MASAB Medical Memo #2, September 2017
Should we keep the pressure on? Graduated compression stockings for prevention of post-thrombotic syndrome.

by Michael B. Streiff M.D., Associate professor of Medicine and Pathology, Johns Hopkins School of Medicine, Baltimore

Post-thrombotic syndrome (PTS) is a common complication following a blood clot.  Up to 30 to 50 percent of patients who have a deep vein thrombosis (DVT) can develop symptoms of PTS. These can include leg swelling, pain, heaviness, varicose veins, skin discoloration and skin breakdown.1 Five to ten percent of patients experience severe signs of PTS, such as skin ulcers that develop on the legs. These can require long term wound care and/or surgery to treat. It has been estimated that PTS results in at least $200 million in medical costs each year.2

Until very recently, most physicians considered it essential to prescribe graduated compression stockings (GCS) to all patients with DVT to help prevent PTS. The wisdom of this practice was justified by two research studies published in 1997 and 2004.3, 4

However, a study published in 2014 casts doubt on this practice. The SOX trial was a randomized, controlled study to determine if GCS were effective for prevention of PTS.5  Patients who had a DVT were given either GCS or placebo stockings. The cumulative rate of PTS at 6 months or later was 14.2 percent the GCS group and 12.7 percent the placebo stocking group.

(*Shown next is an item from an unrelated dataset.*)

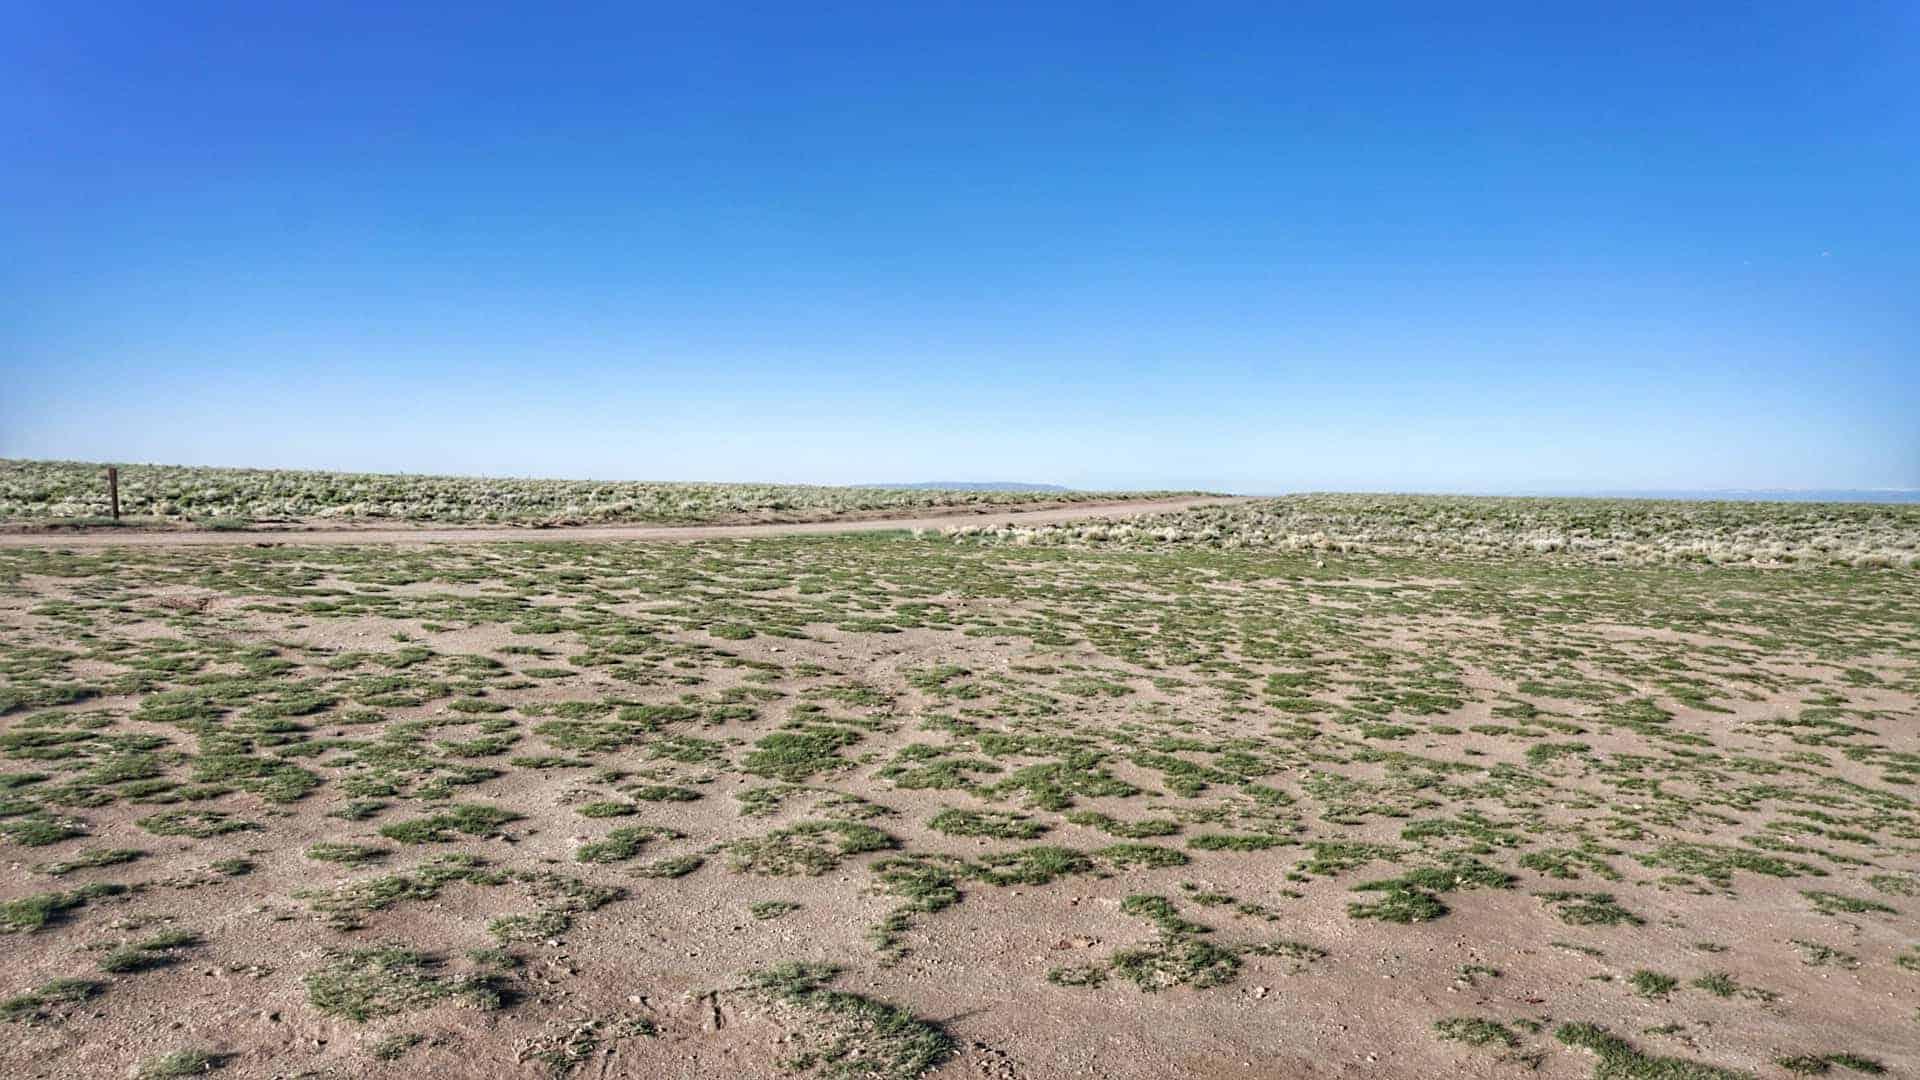 Boondocking Great Sand Dunes National Park 7

In addition, there was no difference in leg ulcers or repeated blood clots between the groups. The authors concluded that GCS do not prevent PTS after a first episode of a blood clot 5 and also noted that GCS did not reduce leg pain after a DVT.6

What do these results mean for patients? The best available information indicates that GCS do not prevent PTS.5 Therefore, most physicians no longer recommend that patients with DVT wear GCS to prevent PTS.  If GCS is not the answer, is there anything else healthcare providers and patients can do to reduce the chances of PTS after a clot? Being overweight, not taking medication as prescribed, and recurrent DVT place patients at higher risk for PTS.1 Therefore, patients and providers should focus on avoiding these risk factors to reduce the risk of PTS.

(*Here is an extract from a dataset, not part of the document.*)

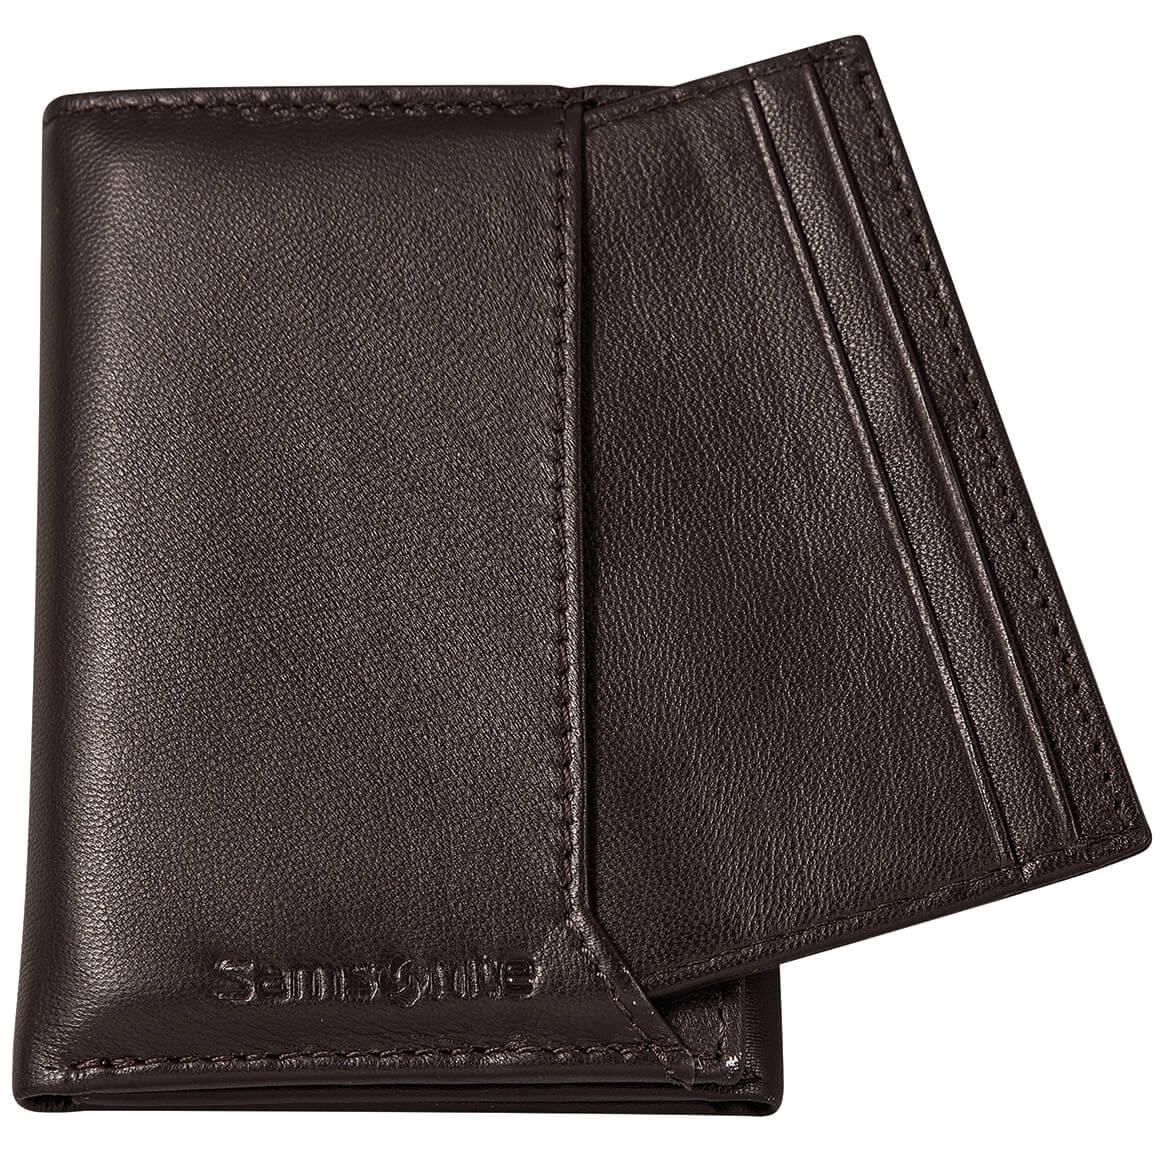 Samsonite Trifold RFID Leather Wallet-369309

A recent secondary look at studies comparing rivaroxaban (a newer oral blood thinner) to warfarin for the treatment of blood clots suggested that rivaroxaban was associated with a trend (not significant) toward a lower risk of PTS, perhaps due to more consistent anticoagulation with rivaroxaban.7 Larger studies are needed to confirm that direct oral anticoagulants reduce the incidence of PTS. It is also possible that early clot removal using catheter-directed thrombolysis may reduce the risk of PTS. The CAVENT study found that the risk of PTS at five years was reduced by 28 percent in patients who got catheter-directed thrombolysis in addition to blood thinners8. The recently completed ATTRACT trial of catheter-directed thrombolysis should provide more information about the potential benefits of thrombolysis for prevention of PTS.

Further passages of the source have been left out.